Structuring an accounts receivable process is crucial for any business, but it can be difficult to find the best one since there are many different ways to set up an AR process. The most common types are the following:

Batch setup

Batch setup is a system-wide setup that will allow a company to set up a single account to collect money from all of their customers. This option is better for companies that have a lot of invoices to send out each month and want to save time and money sending out their large batches as you can send invoices quickly and easily with this option. You can save time by paying for the service upfront and then your invoices will be generated automatically.

Periodic setup

The periodic setup allows you to generate an invoice and send it to your customer on a fixed interval. For example, if someone has a monthly payment plan for one’s product, this would be the setup they would need.
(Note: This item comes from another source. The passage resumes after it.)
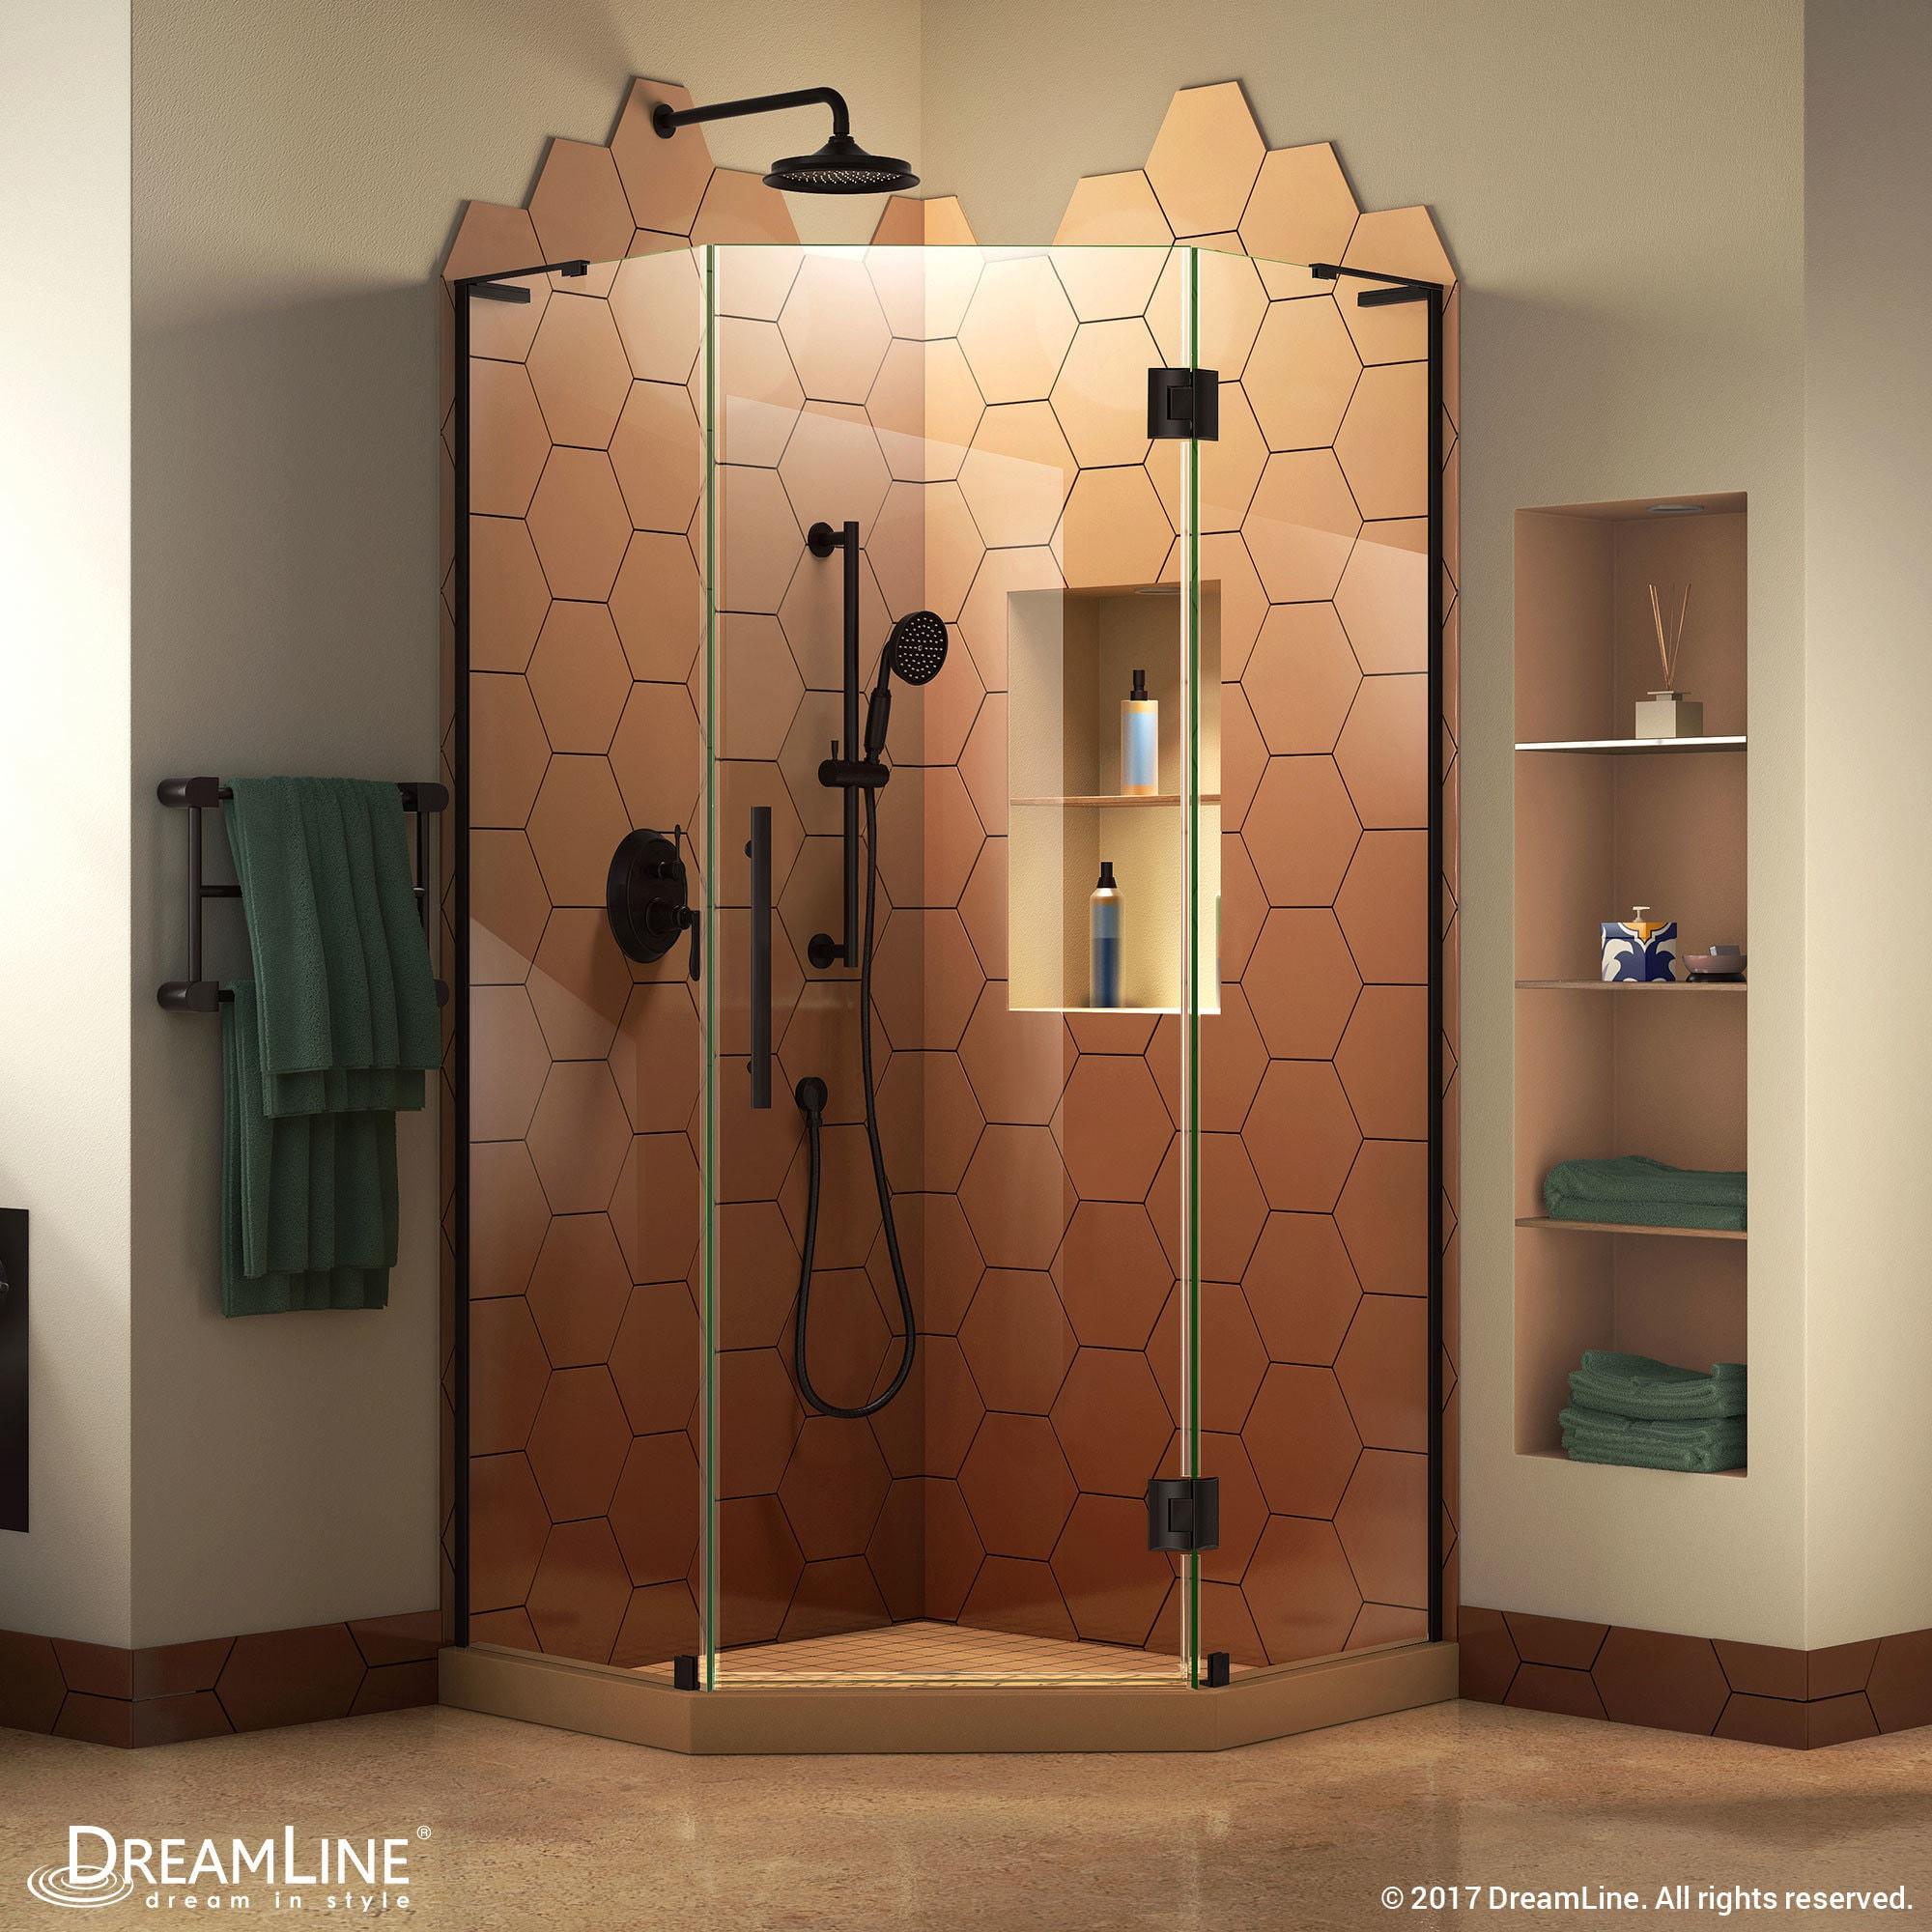 Buy Black Shower Stalls & Kits Online at Overstock.com | Our Best ...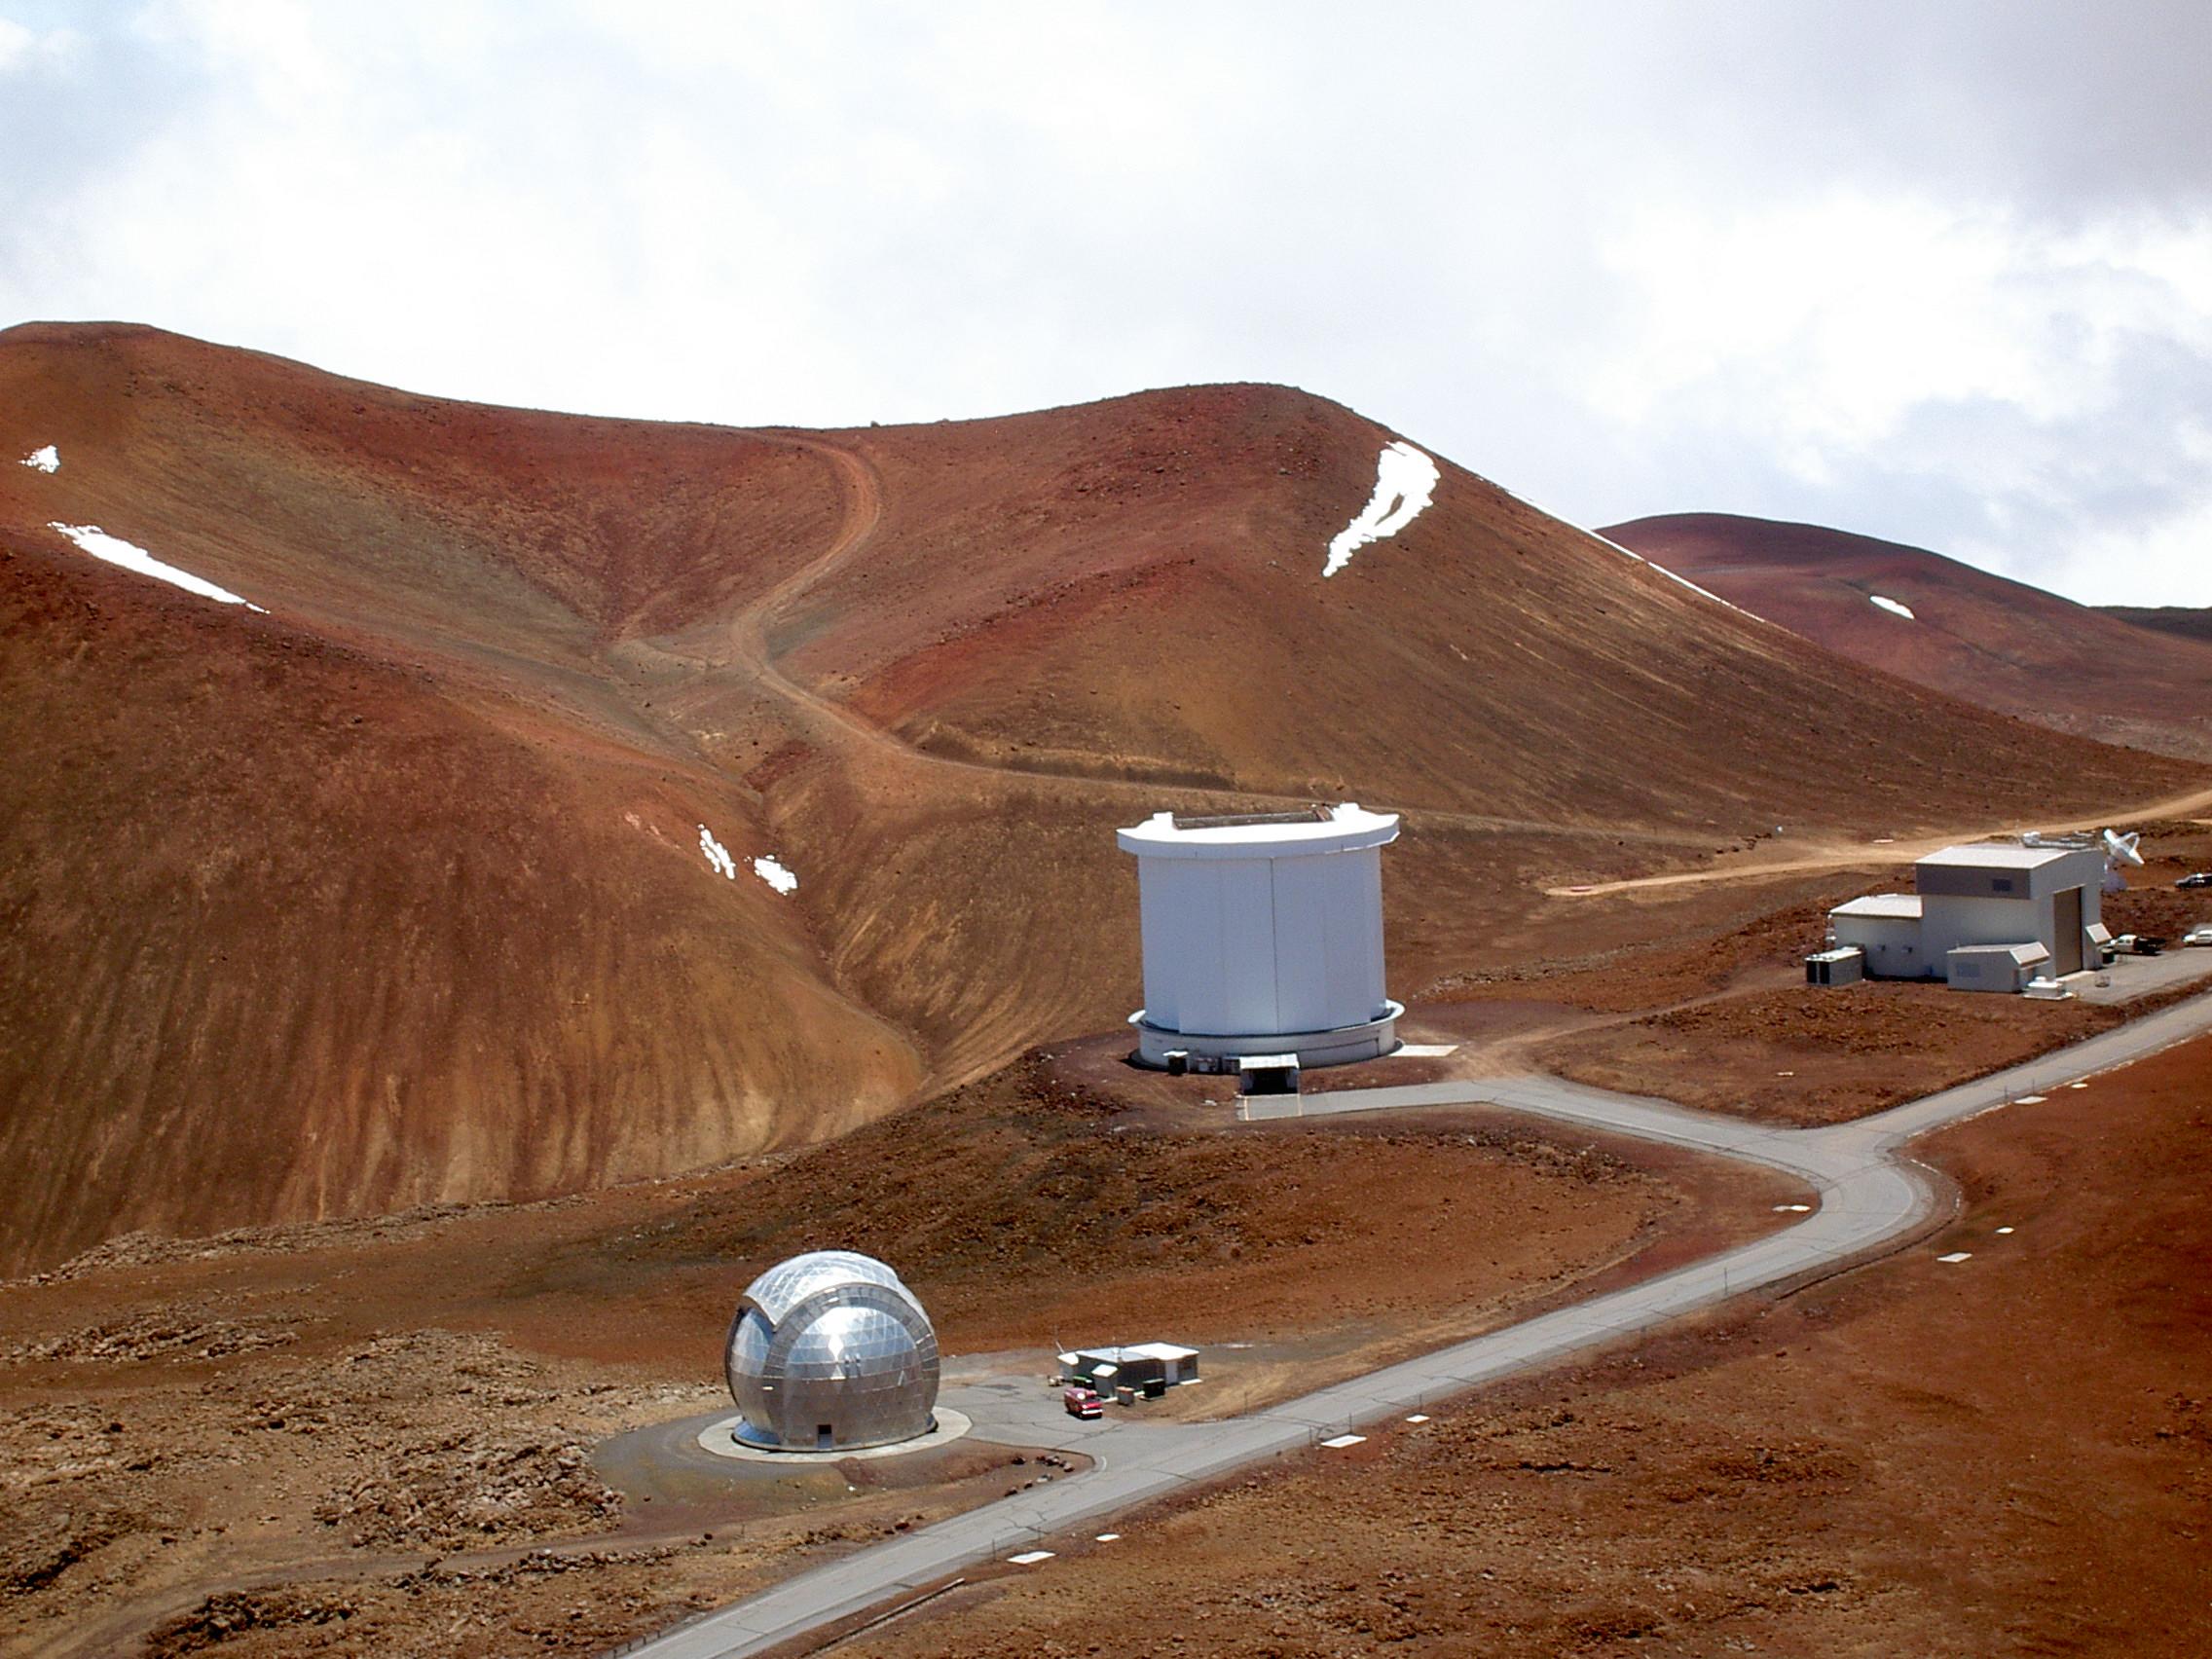 Mauna Kea-Observatoriet

They would set up their customer’s billing info and department info in the system and tell it how often they want the invoice generated and sent out.

Perpetual setup

In a perpetual invoice setup, you can keep charging a customer for an item after it’s been shipped. This is the most common type of billing in the world of e-commerce. With this billing method, you keep charging customers for an order they’ve already completed.

  1. Next, you need to decide what kind of data you want your system to track. For example, do you want your system to track customers’ names or products purchased? This will determine how your system should be set up.
  2. As you get started, establish accounts receivable processes to track payments owed to the business and due dates The process should identify who is responsible for collecting on debts and how the payment will be applied.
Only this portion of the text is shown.